1.2. Full Exercise. This Warrant may be exercised in full
by the Holder hereof by delivery of an original or facsimile copy of the form of
subscription attached as Exhibit A hereto (the "Subscription Form") duly
executed by such Holder and surrender of the original Warrant within three (3)
business days of exercise, to the Company at its principal office or at the
office of its Warrant Agent (as provided hereinafter), accompanied by payment,
in cash, wire transfer, or by certified or official bank check payable to the
order of the Company, in the amount obtained by multiplying the number of shares
of Common Stock for which this Warrant is then exercisable by the Purchase Price
then in effect.
1.3. Partial Exercise. This Warrant may be exercised in
part (but not for a fractional share) by surrender of this Warrant in the manner
and at the place provided in subsection 1.2 except that the amount payable by
the Holder on such partial exercise shall be the amount obtained by multiplying
(a) the number of whole shares of Common Stock designated by the Holder in the
Subscription Form by (b) the Purchase Price then in effect. On any such partial
exercise, the Company, at its expense, will forthwith issue and deliver to or
upon the order of the Holder hereof a new Warrant of like tenor, in the name of
the Holder hereof or as such Holder (upon payment by such Holder of any
applicable transfer taxes) may request, the whole number of remaining shares of
Common Stock for which such Warrant may still be exercised.
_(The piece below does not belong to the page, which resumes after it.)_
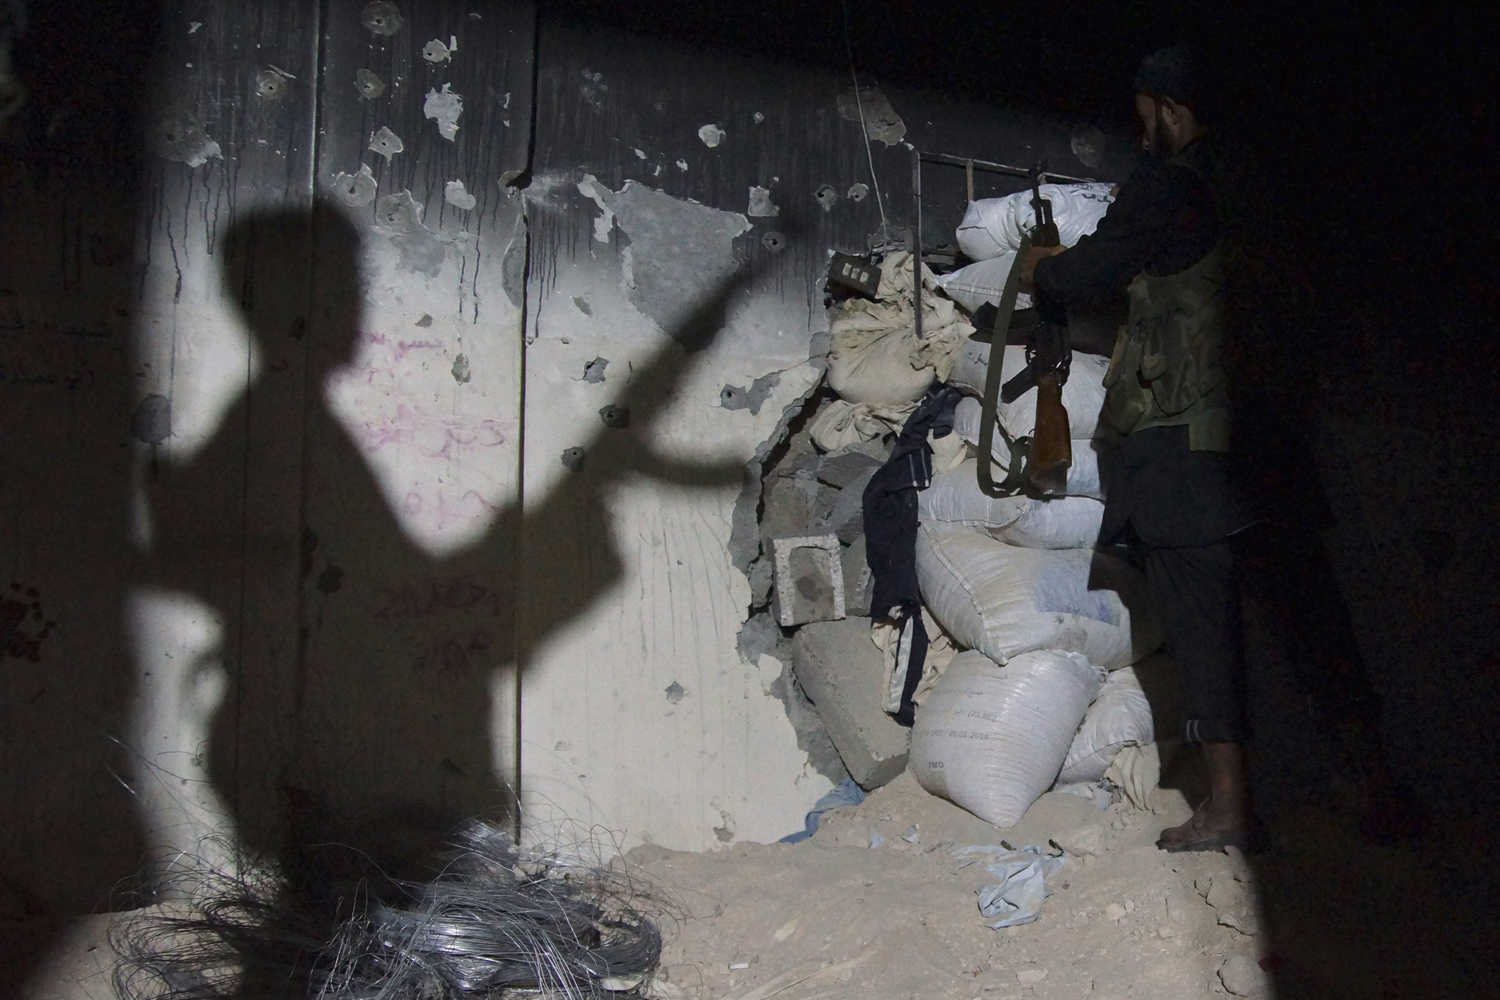 July 18, 2013. A Free Syrian Army fighter (R) carries his weapon as he stands inside a room in Deir al-Zor.

1.4. Company Acknowledgment. The Company will, at the time
of the exercise of the Warrant, upon the request of the Holder hereof
acknowledge in writing its continuing obligation to afford to such Holder any
rights to which such Holder shall continue to be entitled after such exercise in
accordance with the provisions of this Warrant. If the Holder shall fail to make
any such request, such failure shall not affect the continuing obligation of the
Company to afford to such Holder any such rights.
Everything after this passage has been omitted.